DIRECTIONS: Return the data exactly, with all pictures removed.

SOURCE MATERIAL:
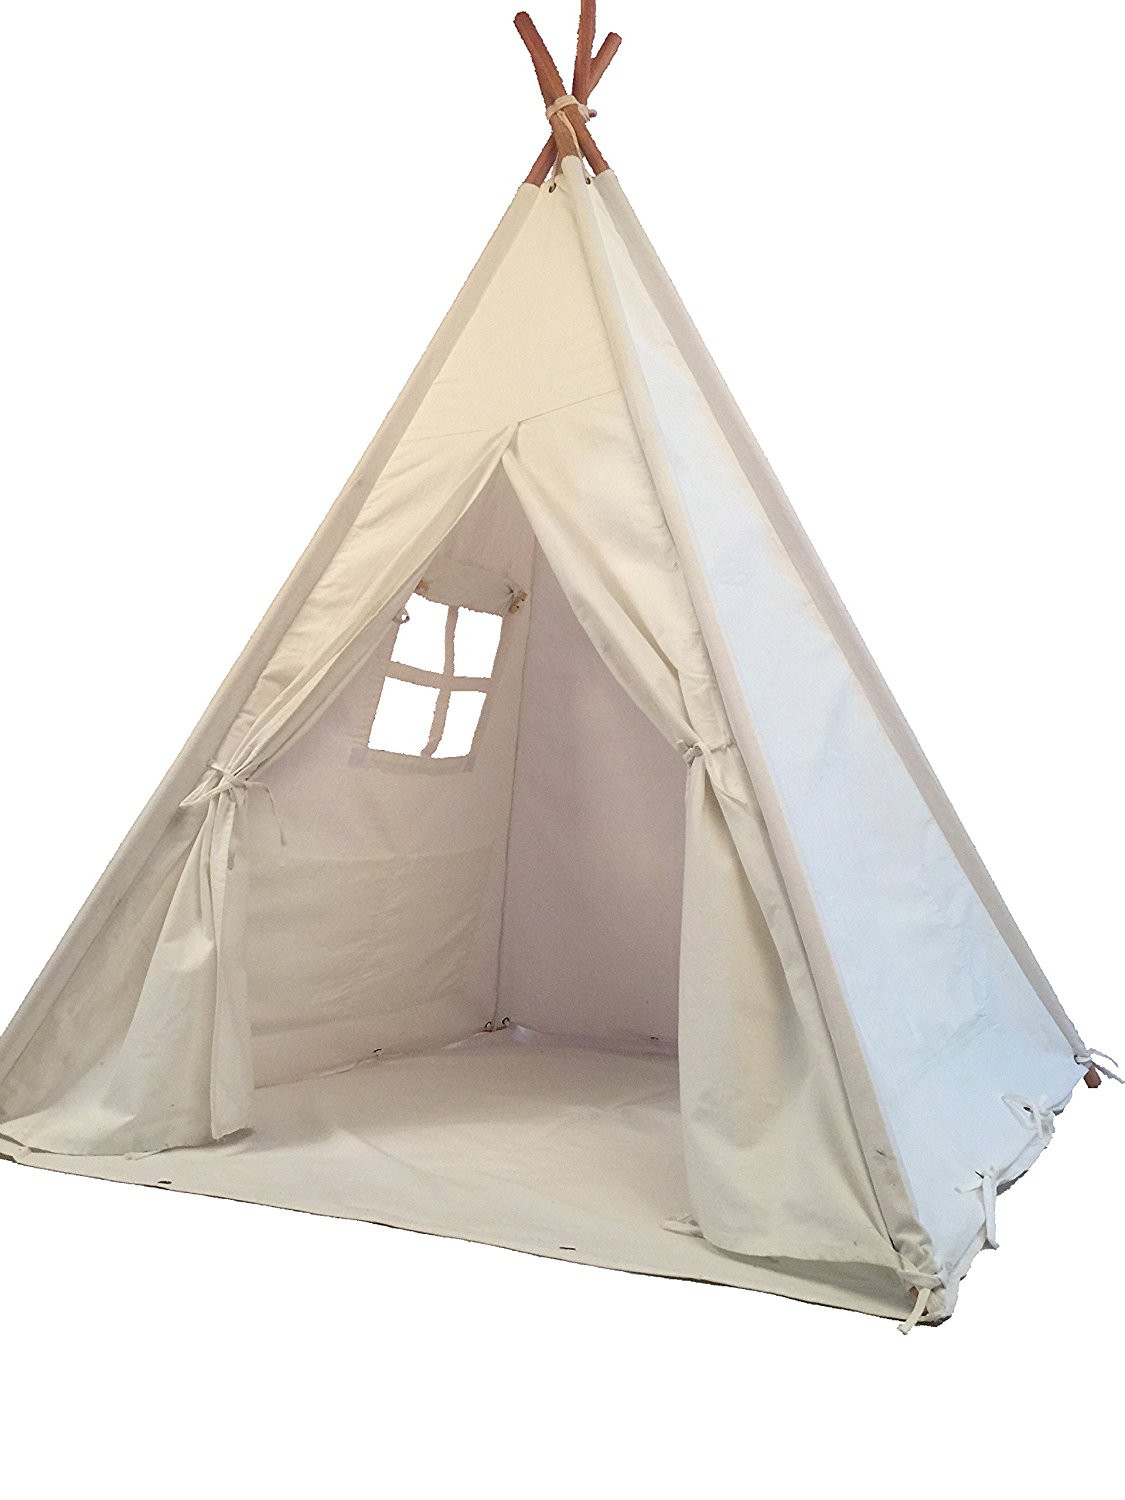 Indoor Kids Tent
 Pericross Kids Teepee Tent Indian Play Tent Children s
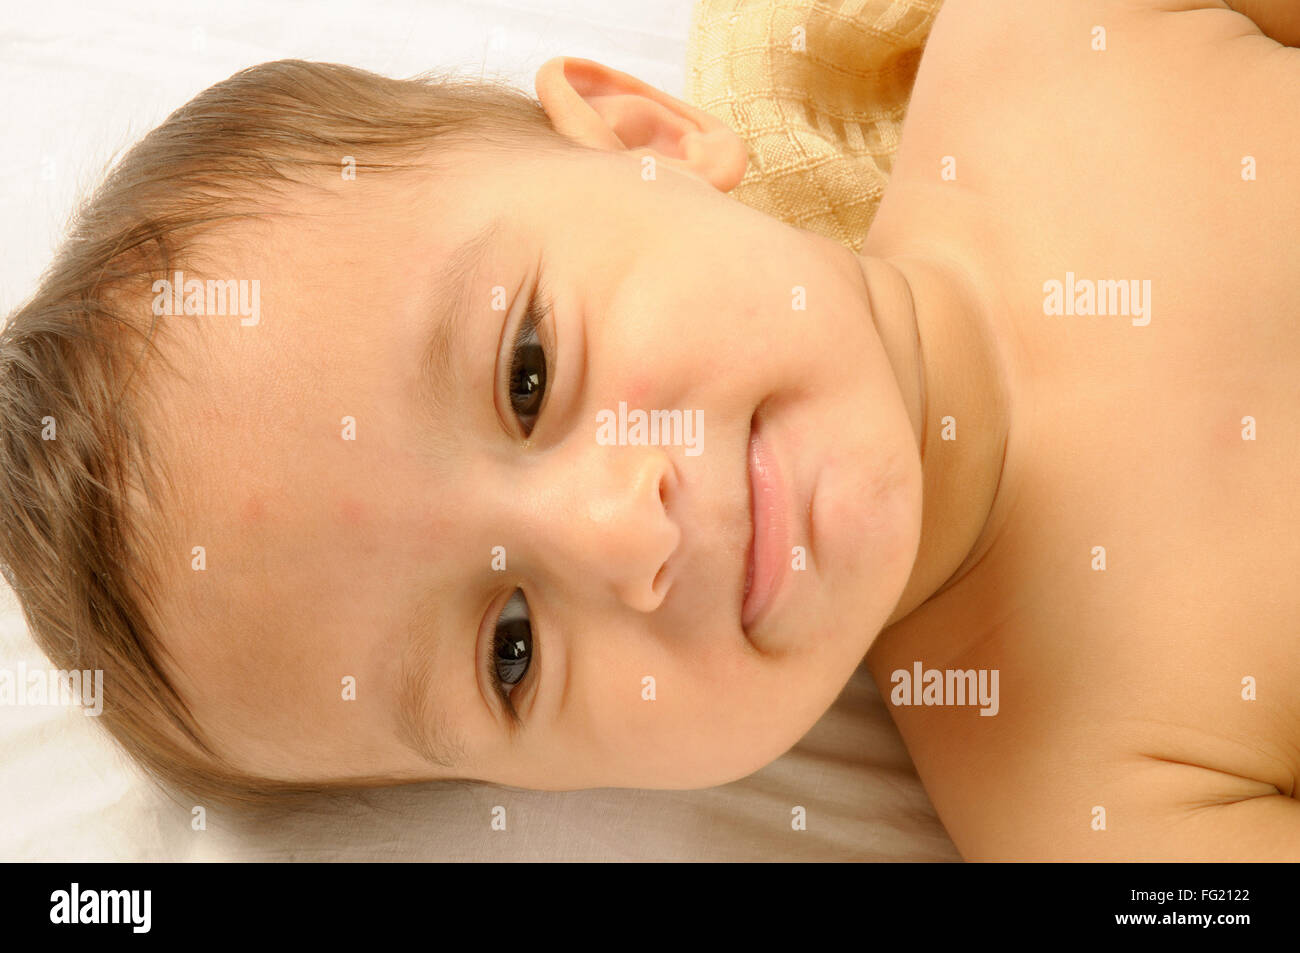 Un an bébé garçon couché et souriant joyeusement MR# 592 29 Mars 2008 Banque D'Images
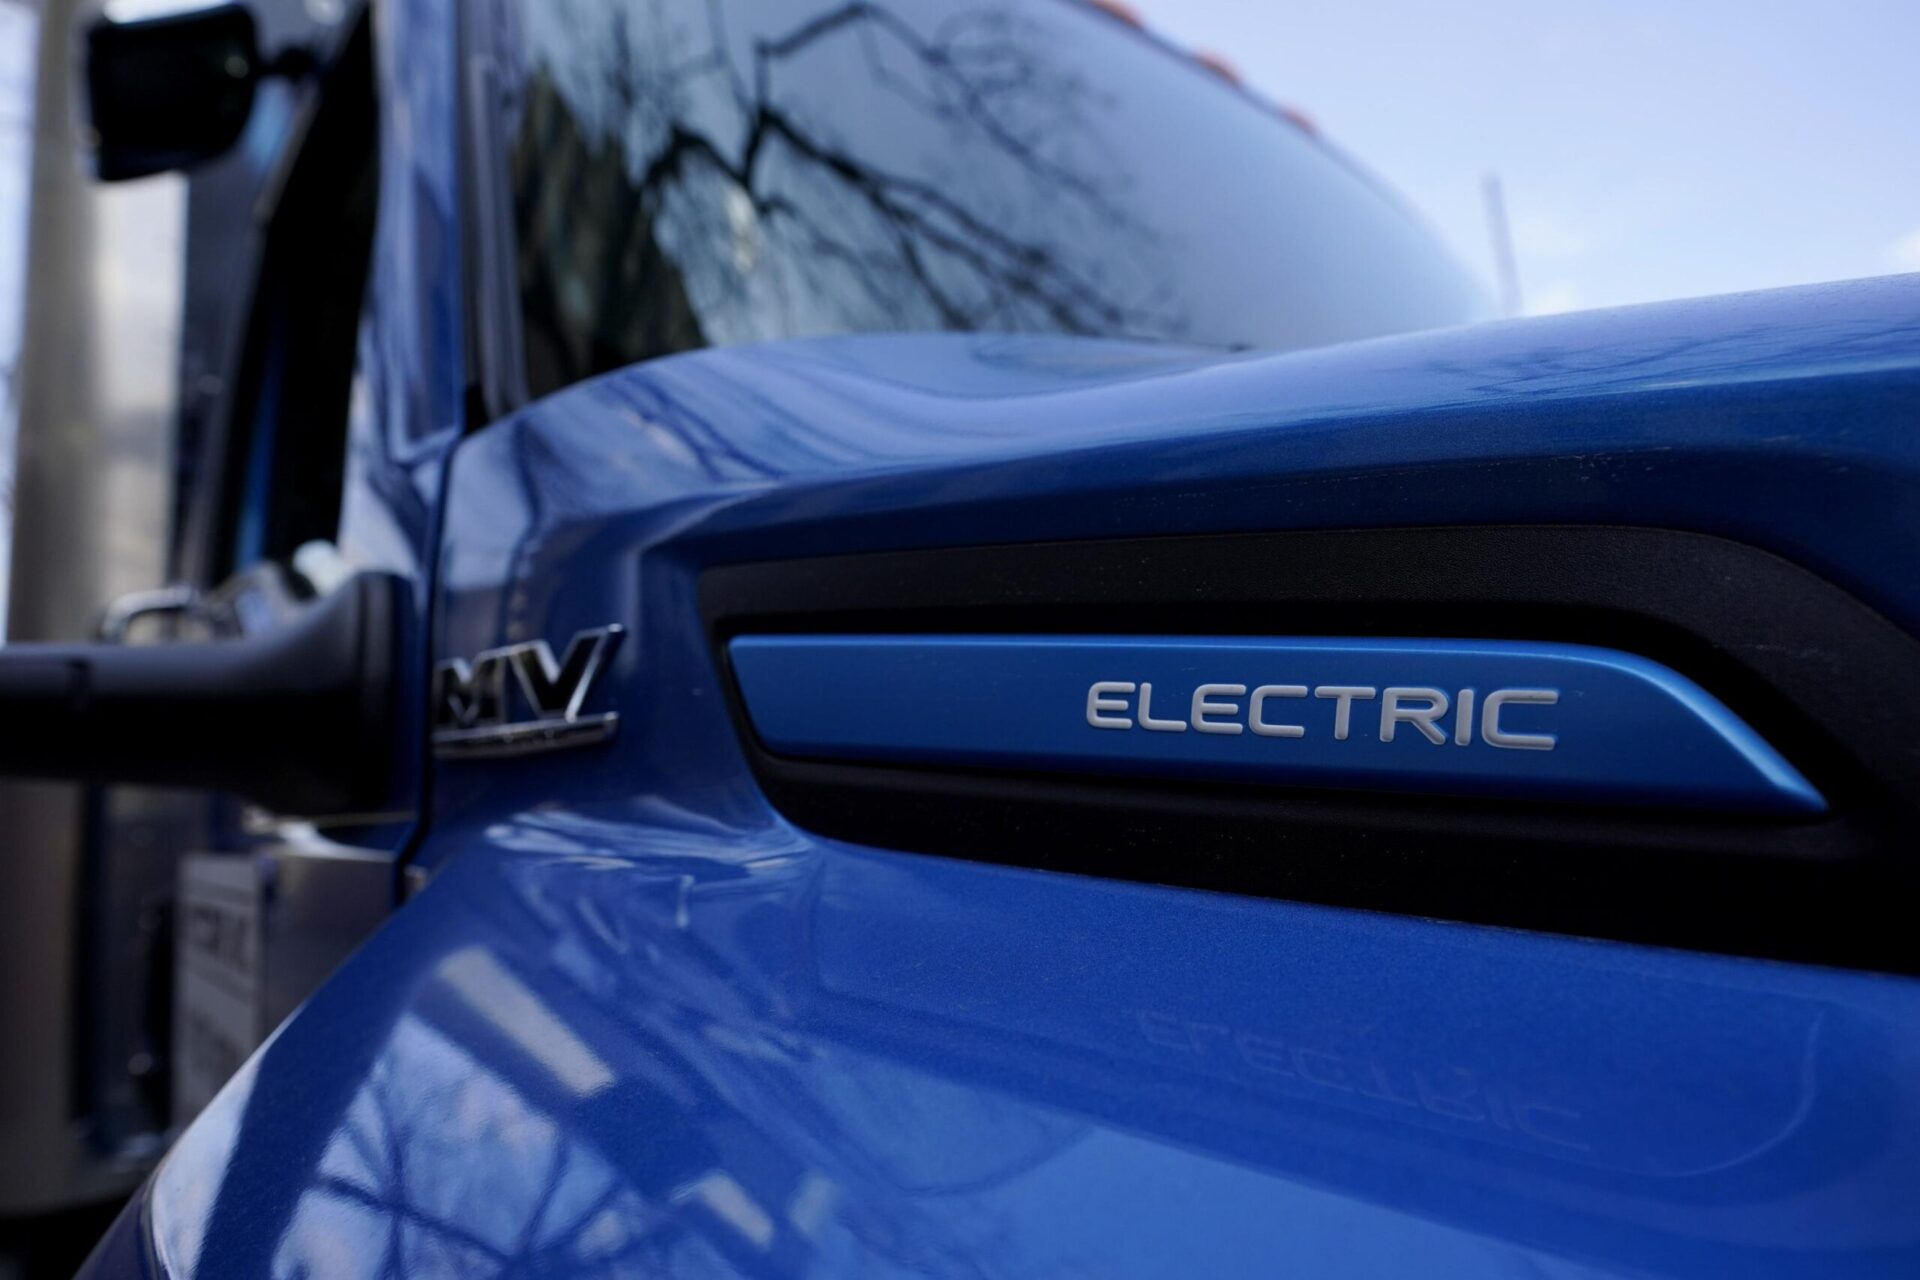 Fuentes AP: La regla de automóviles de la EPA impulsará un gran aumento en las ventas de vehículos eléctricos

TASK OUTPUT:
 Indoor Kids Tent
 Pericross Kids Teepee Tent Indian Play Tent Children s
 Un an bébé garçon couché et souriant joyeusement MR# 592 29 Mars 2008 Banque D'Images
 Fuentes AP: La regla de automóviles de la EPA impulsará un gran aumento en las ventas de vehículos eléctricos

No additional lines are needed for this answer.